Building production-ready retrieval-augmented generation (RAG) systems can be complex, time-consuming, and often requires months of engineering effort. Developers and enterprises struggle to ingest diverse data sources, structure content for semantic search, and maintain accurate, verifiable answers.
Enhancements to DigitalOcean Gradient™ AI Knowledge Bases, now in public preview, are designed to solve this problem. Its code-first feature lets developers create, manage, and query knowledge bases entirely from code, giving full control over ingestion, chunking, embedding, and retrieval without having to worry about the underlying infrastructure.

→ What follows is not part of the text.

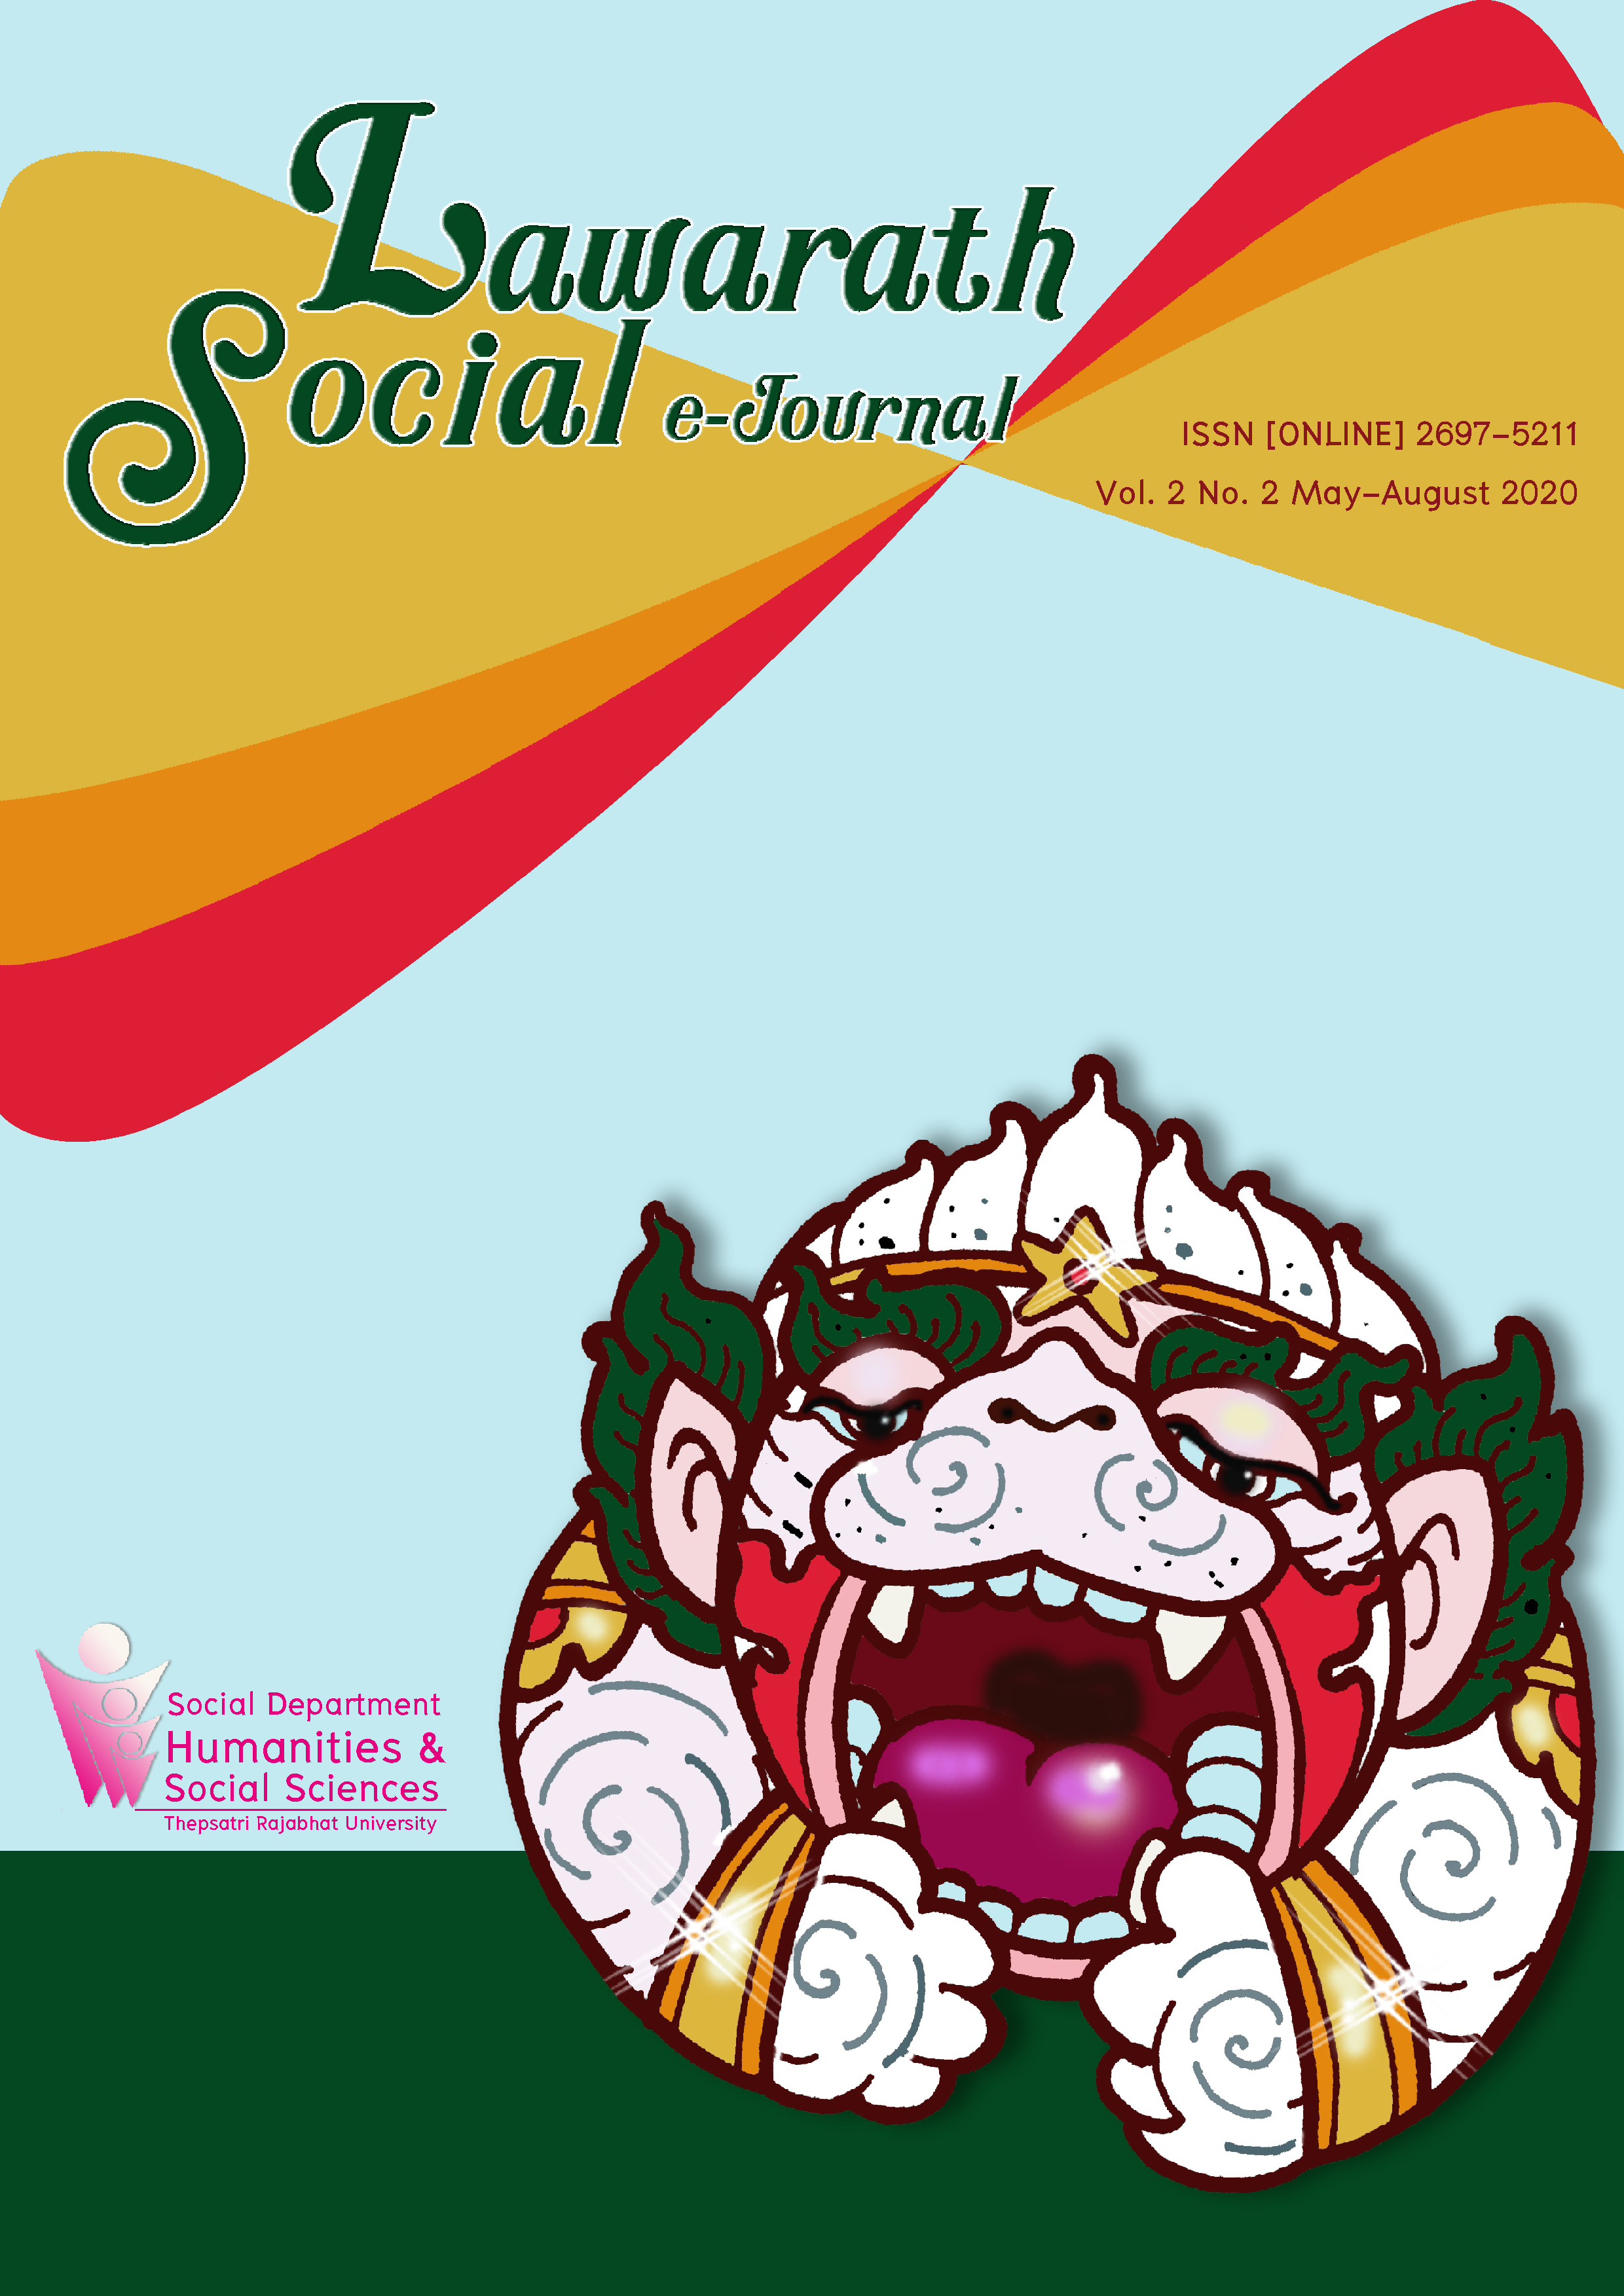 					View Vol. 2 No. 2 (2020): Lawarath Social E-Journal Vol. 2 No. 2 (พฤษภาคม - สิงหาคม 2563)

Many existing solutions let developers create a basic knowledge base, but they often struggle to scale, customize, or integrate it into production workflows. The improvements address this by providing a code-first, developer-focused toolkit that handles the full knowledge base lifecycle. Developers can ingest data from files, Dropbox, web crawlers, control chunking and embedding strategies, and run natural language queries that return citation-backed answers with metadata filters. With well-documented APIs and SDKs, these integrations are seamless, letting developers manage everything entirely in code.
The public preview highlights the essential tools developers need to build and manage knowledge bases effectively:
Direct API Access: Query knowledge bases directly without needing an agent, giving full control for integration into apps or RAG pipelines.
Customizable ingestion: Ingest content from supported sources such as files, web crawlers, Dropbox, and JSON datasets. Supports structured data, sitemap crawling, and accurate parsing of complex PDFs.
Flexible chunking and embedding: Choose the chunking strategy that fits your content and select from high-performance embedding models (including a multi-lingual embedding model). Intelligent defaults allow for quick setup.
Advanced retrieval and citations: Run queries with exact-page citations, metadata filters, and hybrid search.
Developer-first tooling: Fully code-driven SDK and API functions makes creation and integration seamless.
The improvements are available in public preview. Start building smarter AI applications faster by managing your knowledge bases entirely in code. Explore the API documentation to start experimenting, and see how quickly you can turn your data into actionable, context-rich answers.
To explore the Knowledge Base improvements, enable the public preview on your Feature Preview page in the DigitalOcean Cloud Console. Once you’ve opted in, access will be granted within approximately 10–15 minutes.